I want to be outraged, and I am somewhat, but it is really like being outraged that some people have more power, more prestige, more talent. No outrage changes the fact that some people are ruling other people or that the rulers, in the end, are doing what the rulers want.

Boxing Day at Sequoia

I have been on a pretty heavy duty regime of antibiotics since Friday and it is now starting to pay off. For the first time in about three weeks, I don’t feel punk.

It turns out that I – or my blood atleast – have been the host to a growing colony of Enterococcus – that is its family name, I don’t know the Christian name – that is now being beaten back by heavy doses of Vancomycin HCL and Gentamicin Sulfate given through my new PICC line. How long the colony has been there is up to question as is how it got there

Being in the hospital over Christmas has been fine which is not the say that being infected is fine; that part has been a real pain in the ass. At first, the combination of the novelty, being scared, and feeling punk resulted in my having what I could pass off for having a pretty good time but now the novelty has worn off, I feel very safe, and I feel much better.

Part of why I feel safe, is that when I say My knee hurts, a doctor show up and says Let’s run a ultrasound to make sure you don’t have a blood clot, then, when that  ultrasound shows I don’t have a blood clot, the doctor says Let’s take a blood test to see if your who-haw level is high. In the meanwhile, they don’t want me to walk until they know what the problem is.

Of course this also why I also am getting bored. Everytime I involuntary roll my eyes, a battery of doctors show up to remind me that I have a aorta valve made out of cow parts and We want to be careful.
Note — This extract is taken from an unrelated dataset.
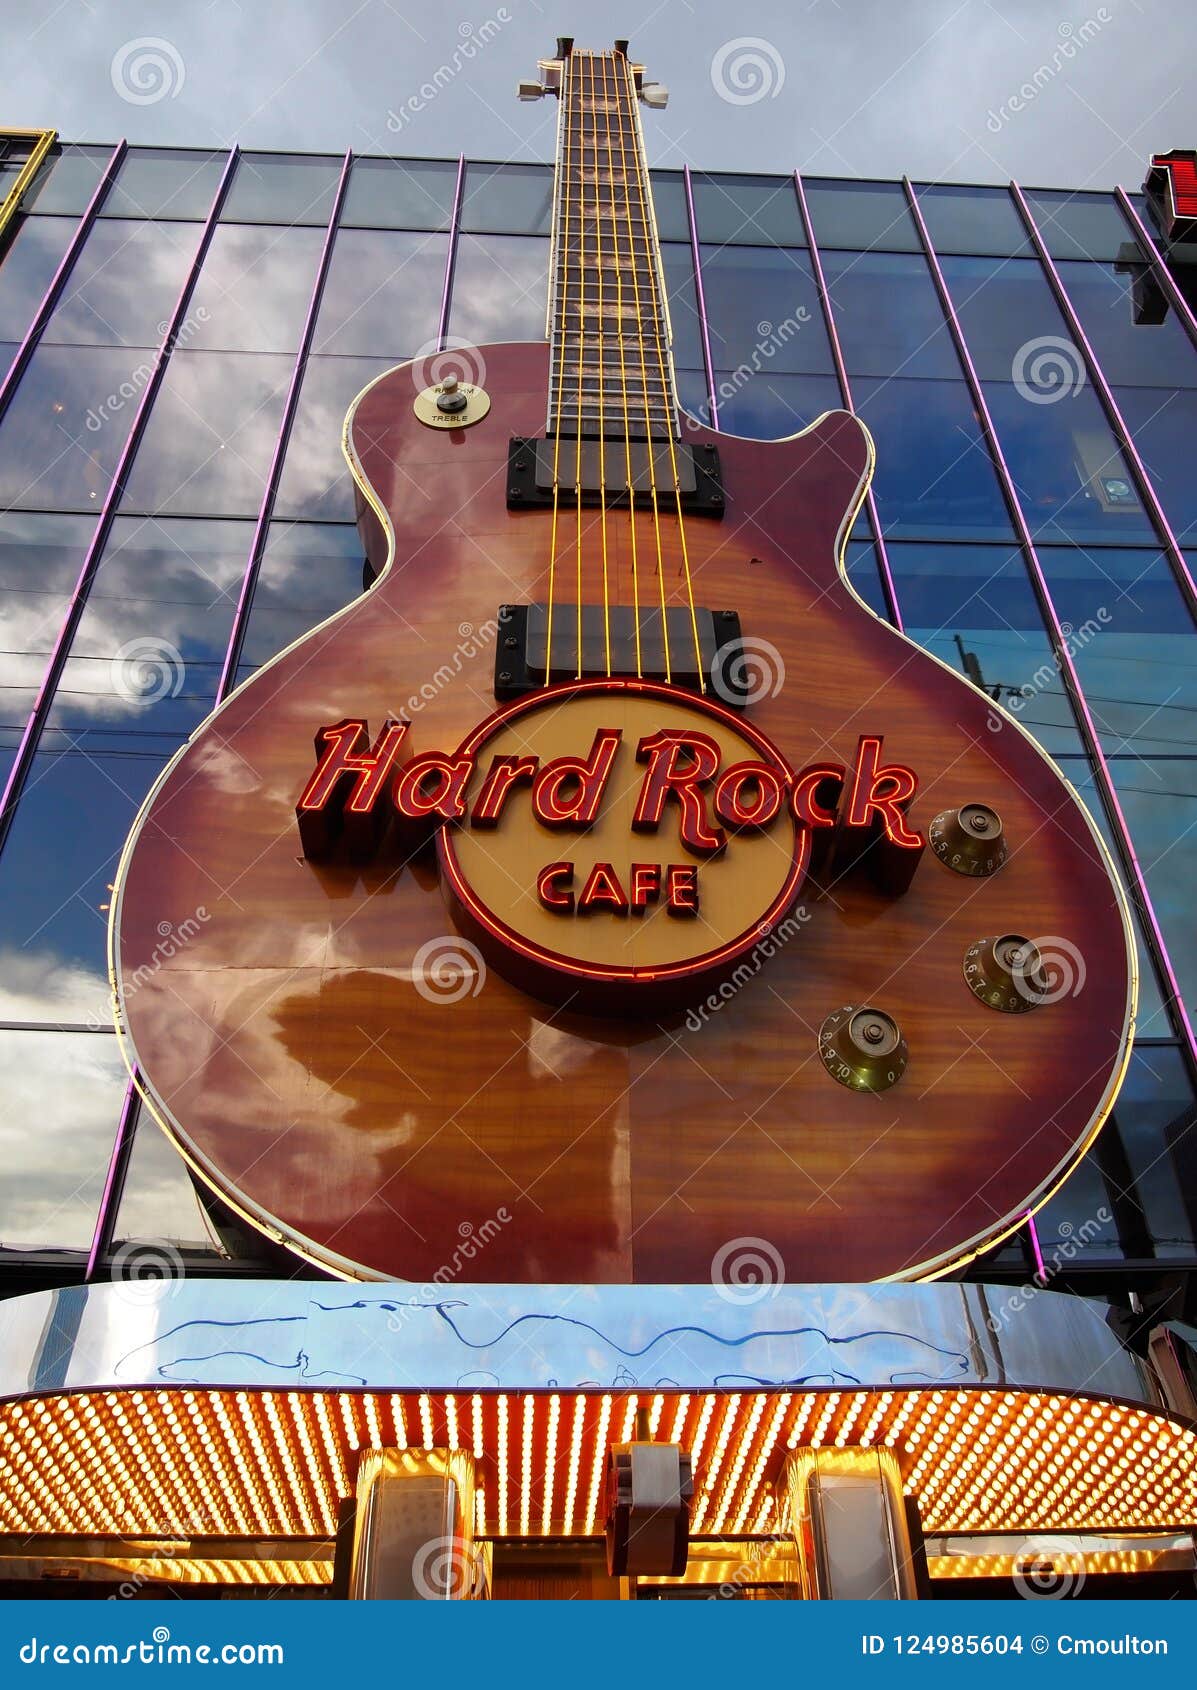 Hard Rock Cafe pin Las Vegas Hotel 4th of July 1998 National Glenwood Guitar

In the meanwhile, life in the hospital is different. The temperature doesn’t change, the light level in the halls doesn’t change, the sound level – pretty high, with bells, buzzers, and calls for Code Red to Room 274 –  doesn’t change; and the level of good humor and general joy of life is extraordinarily high. I think this is because everybody is in service and it really is better to give than to receive.